**Records for processing:**
== Segment start ==

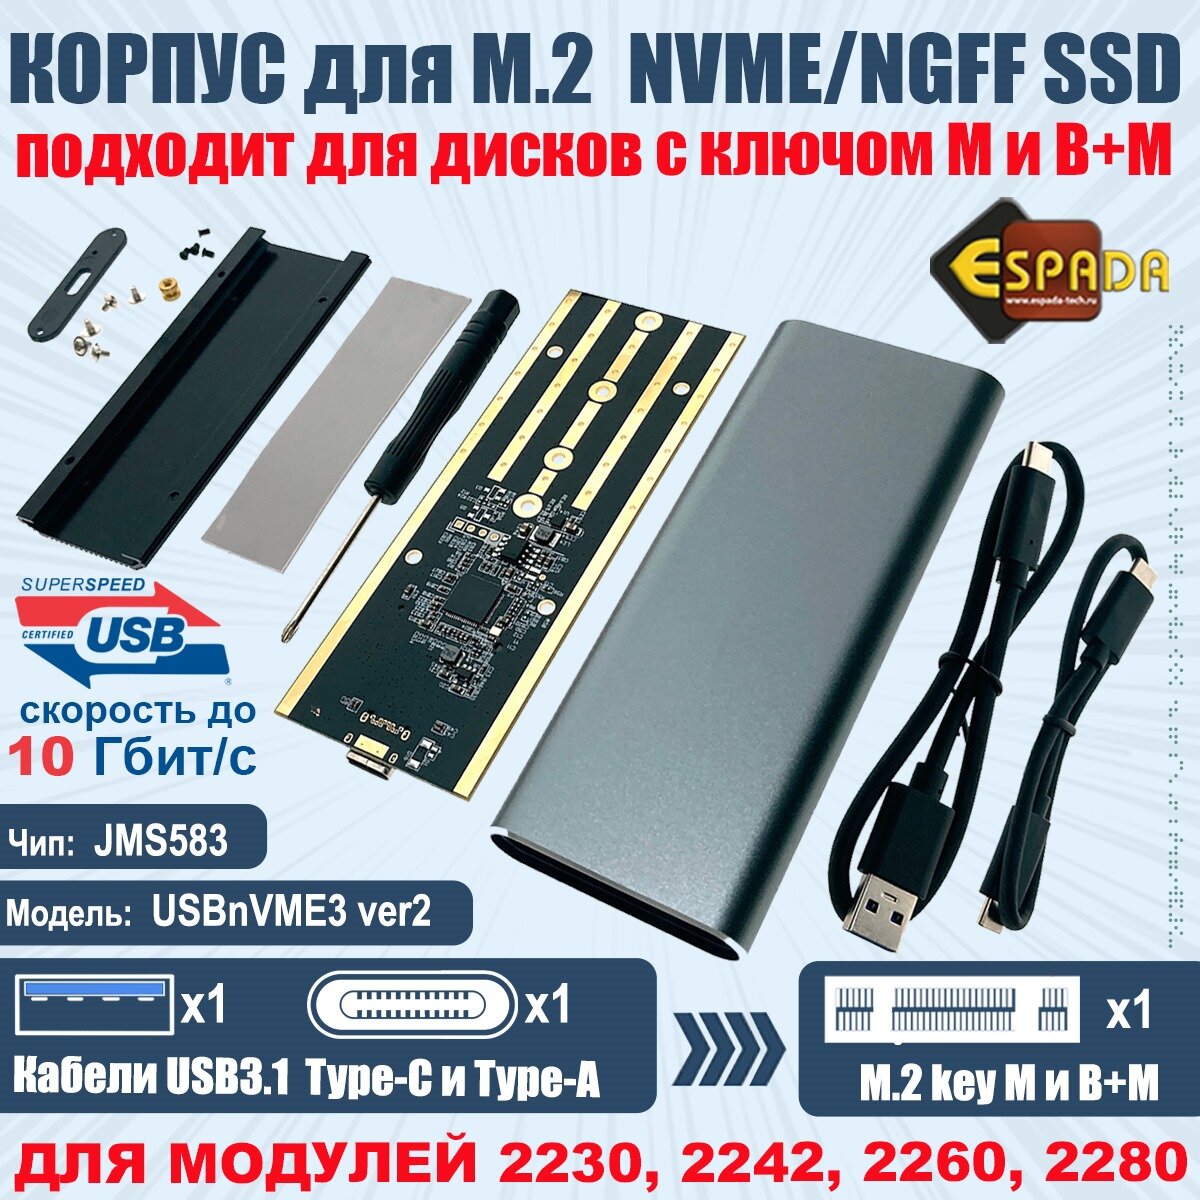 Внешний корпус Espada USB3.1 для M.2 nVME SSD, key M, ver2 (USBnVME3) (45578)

== Segment end ==
== Segment start ==

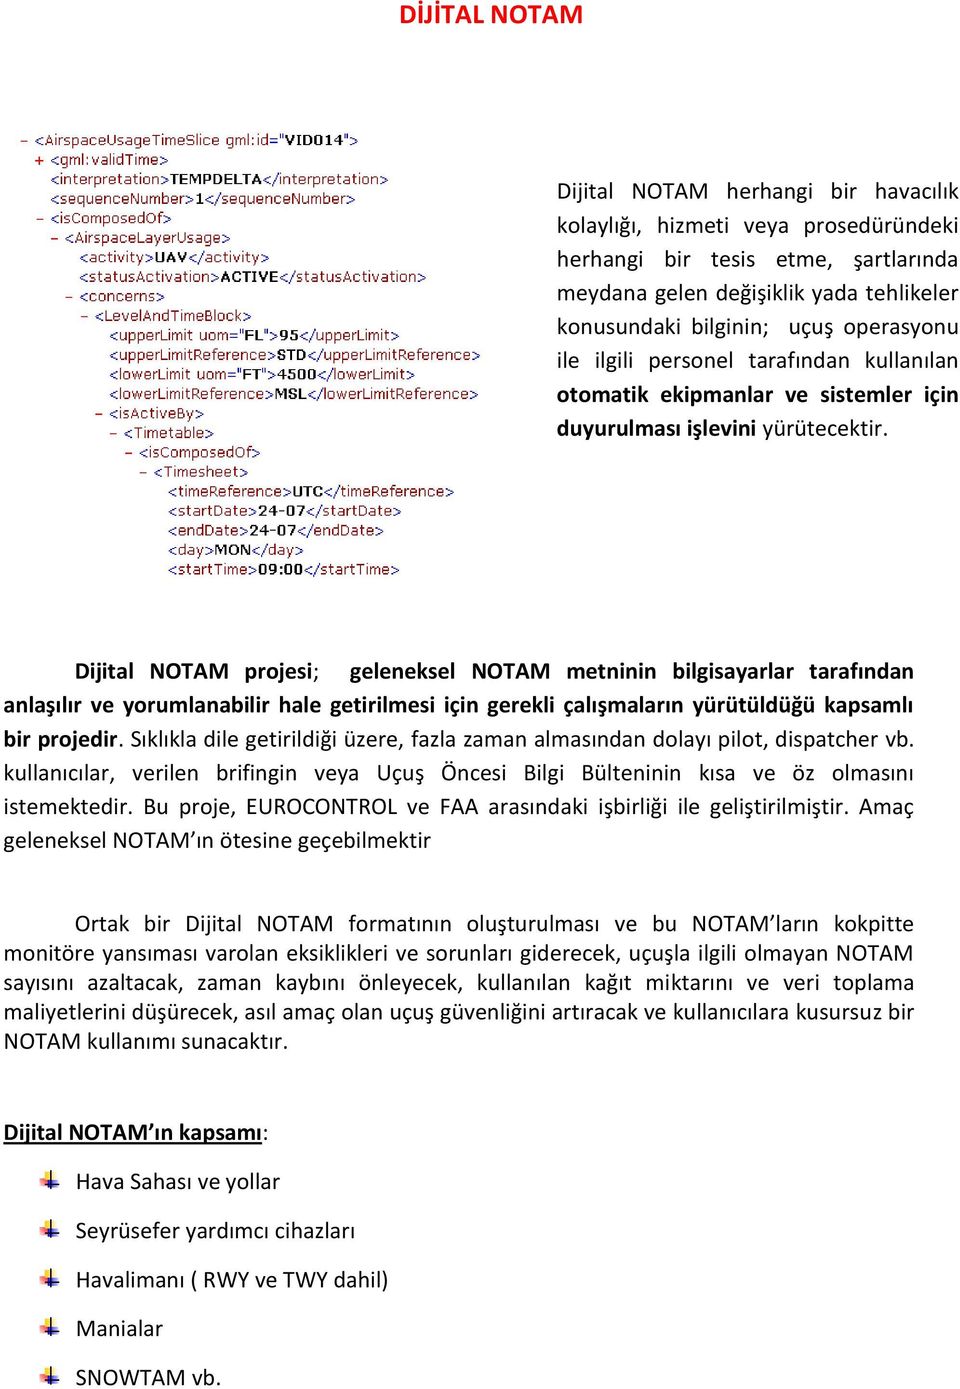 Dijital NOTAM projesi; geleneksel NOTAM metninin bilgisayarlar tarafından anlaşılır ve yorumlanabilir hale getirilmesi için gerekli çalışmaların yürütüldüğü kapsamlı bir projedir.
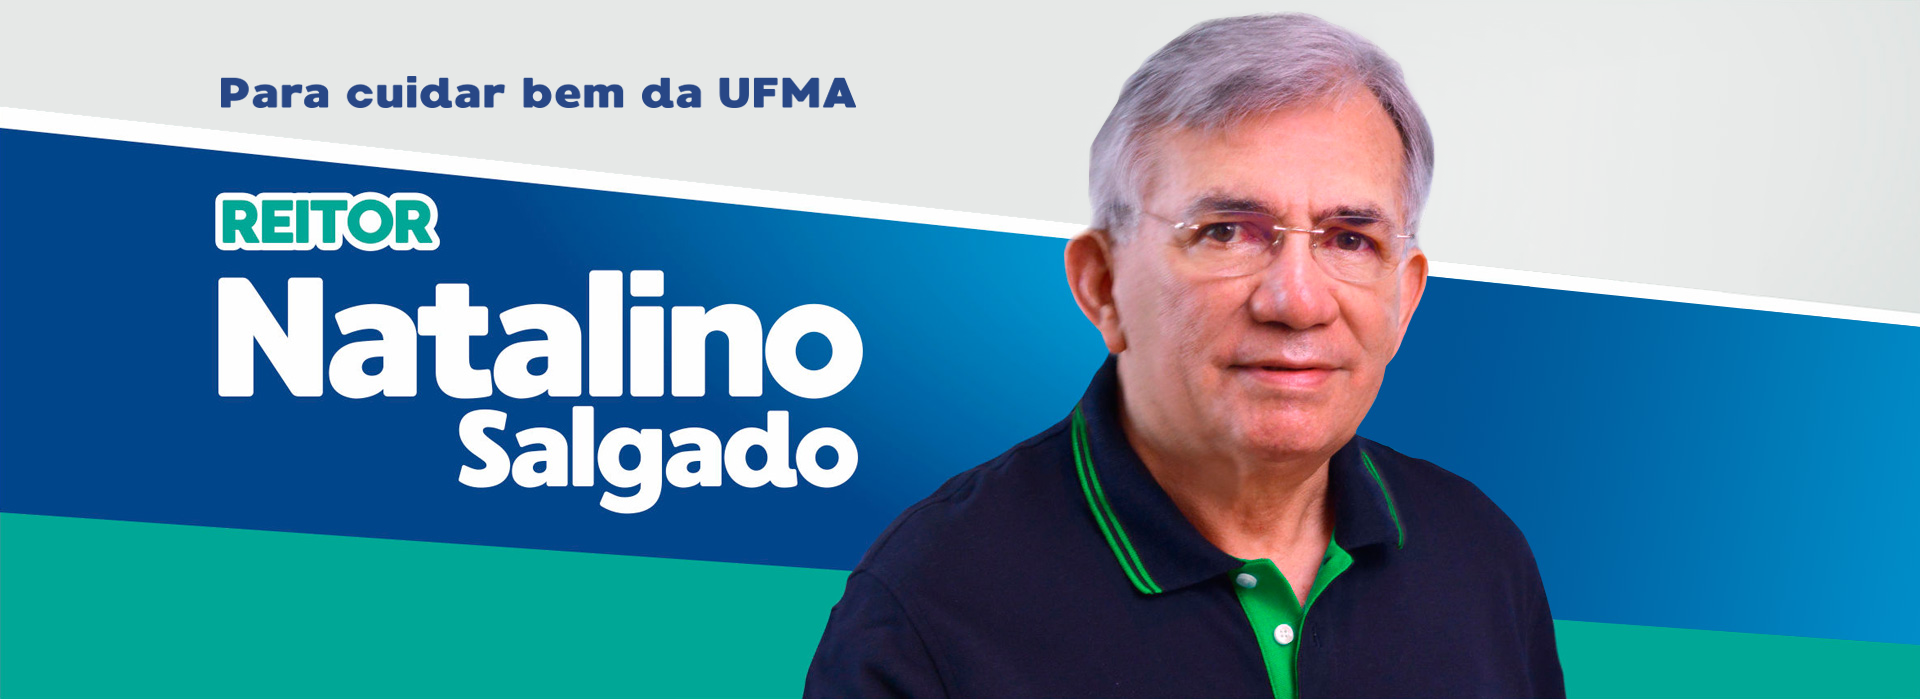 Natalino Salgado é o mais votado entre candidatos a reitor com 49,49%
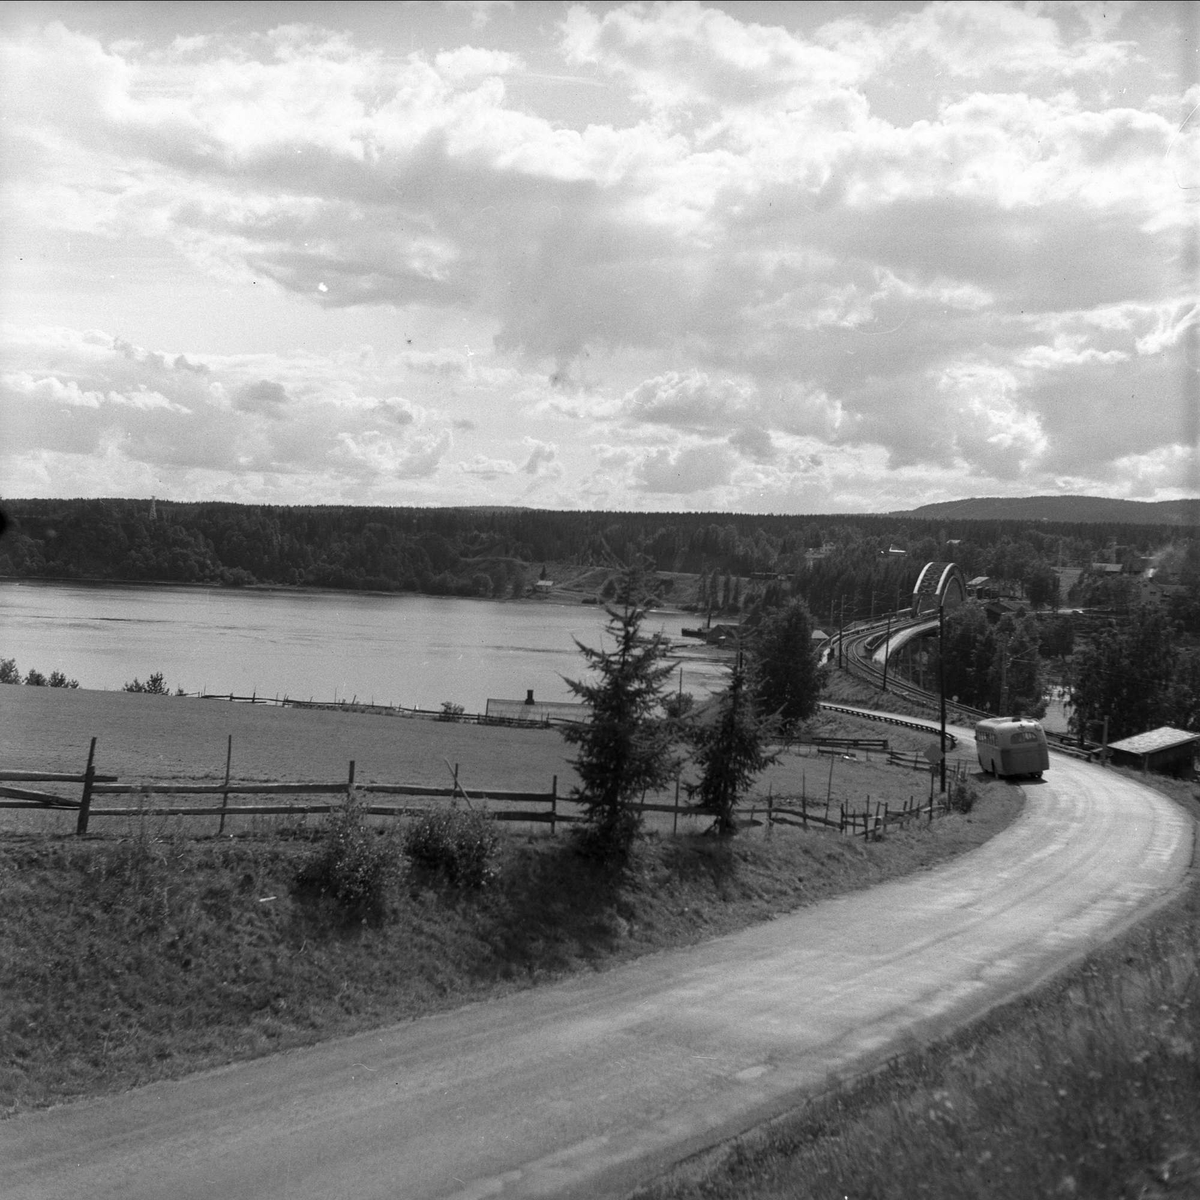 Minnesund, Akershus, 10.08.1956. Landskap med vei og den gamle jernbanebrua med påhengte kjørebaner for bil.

== Segment end ==

**Work request:**
With the pictures omitted, copy exactly the lines of the listing above starting at the line containing "Dijital NOTAM projesi;" and ending at the line containing "Minnesund, Akershus, 10.08.1956.", both included.

**Written response:**
 Dijital NOTAM projesi; geleneksel NOTAM metninin bilgisayarlar tarafından anlaşılır ve yorumlanabilir hale getirilmesi için gerekli çalışmaların yürütüldüğü kapsamlı bir projedir.
 Natalino Salgado é o mais votado entre candidatos a reitor com 49,49%
 Minnesund, Akershus, 10.08.1956. Landskap med vei og den gamle jernbanebrua med påhengte kjørebaner for bil.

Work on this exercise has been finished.